Farmer illustrates several broad themes effectively with case studies from Haiti and Peru. One is the idea that most studies overemphasize individual agency, failing to recognize serious "structural" factors, such as the pressure that extreme poverty exerts on people to engage in unhealthy behaviors and the problems introduced by economic inequality. (One example of the latter is that in unequal countries like Peru, second-line TB drugs are available because of demand by the rich, so doctors also prescribe them to the poor who can only afford them intermittently, which generates drug-resistant strains of the disease.) Another theme is that people in rich nations tend to place heavy weight on "strange" cultural beliefs and customs in explaining high disease prevalence, whereas actual epidemiological research tends to show that these factors carry little weight relative to poverty-related factors. While he uses AIDS in Haiti to illustrate this tendency, it applies perfectly to popular Western conceptions of AIDS in Africa: the popular media tend to emphasize cultural practices such as wife inheritance and a strong sex drive, whereas epidemiological research fails to support a major role for these.
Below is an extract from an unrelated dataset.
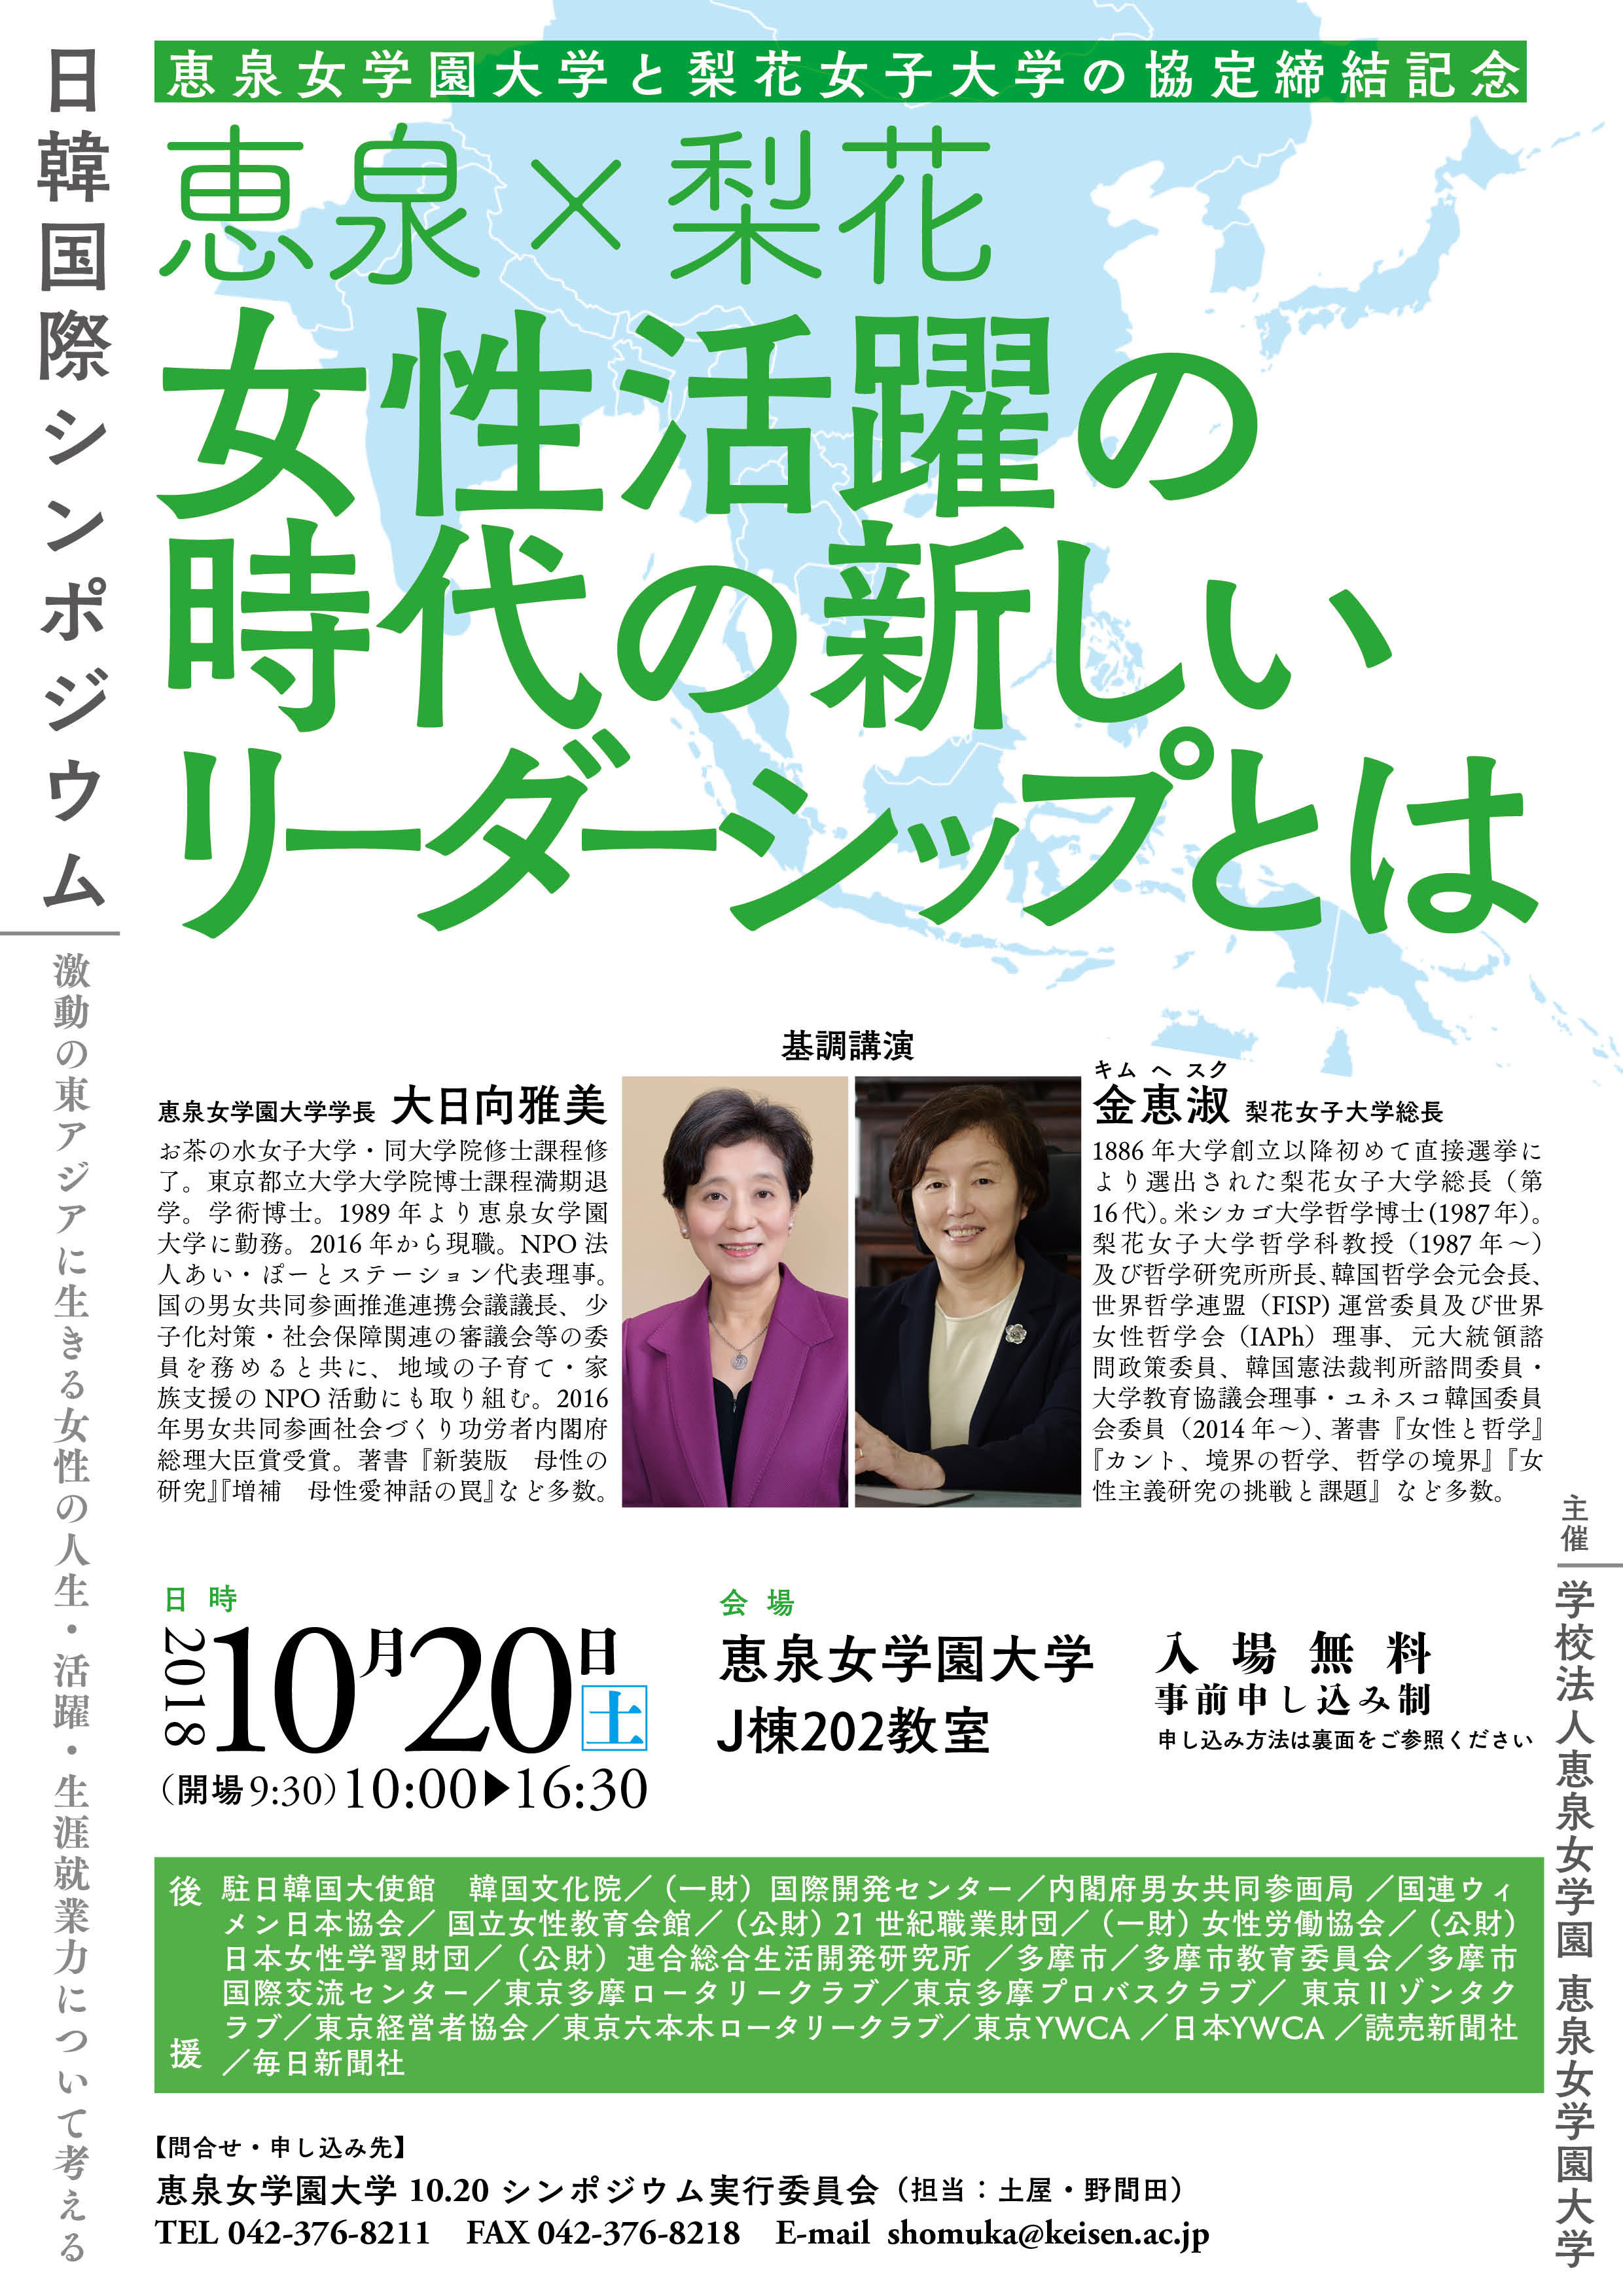 恵泉女学園大学が10月20日に韓国の梨花女子大学と協定を締結、記者会見を開催 -- 同日には記念シンポジウム「恵泉×梨花　女性活躍時代の新しいリーダーシップとは」も

A third theme, which Farmer often trumpets but not as convincingly, is that many of the trade-offs voiced by policymakers are ultimately false. One example is the question of whether to treat tuberculosis with drugs or prevent it (e.g., by investing in economic development). He then uses the success of his clinic in Haiti as an example of both treating and preventing TB. The ultimate argument is that the wealthy have no right to withhold their wealth from the poor. However, he gives us no clear sense of how the resources to generalize this to the world at large should be marshaled. While the trade-off may be philosophically false, the practical application is unclear.

But even without a plan of action, Farmer illuminates key problems in the analysis of infectious disease spread and makes a convincing plea to share the wealth (and the technology).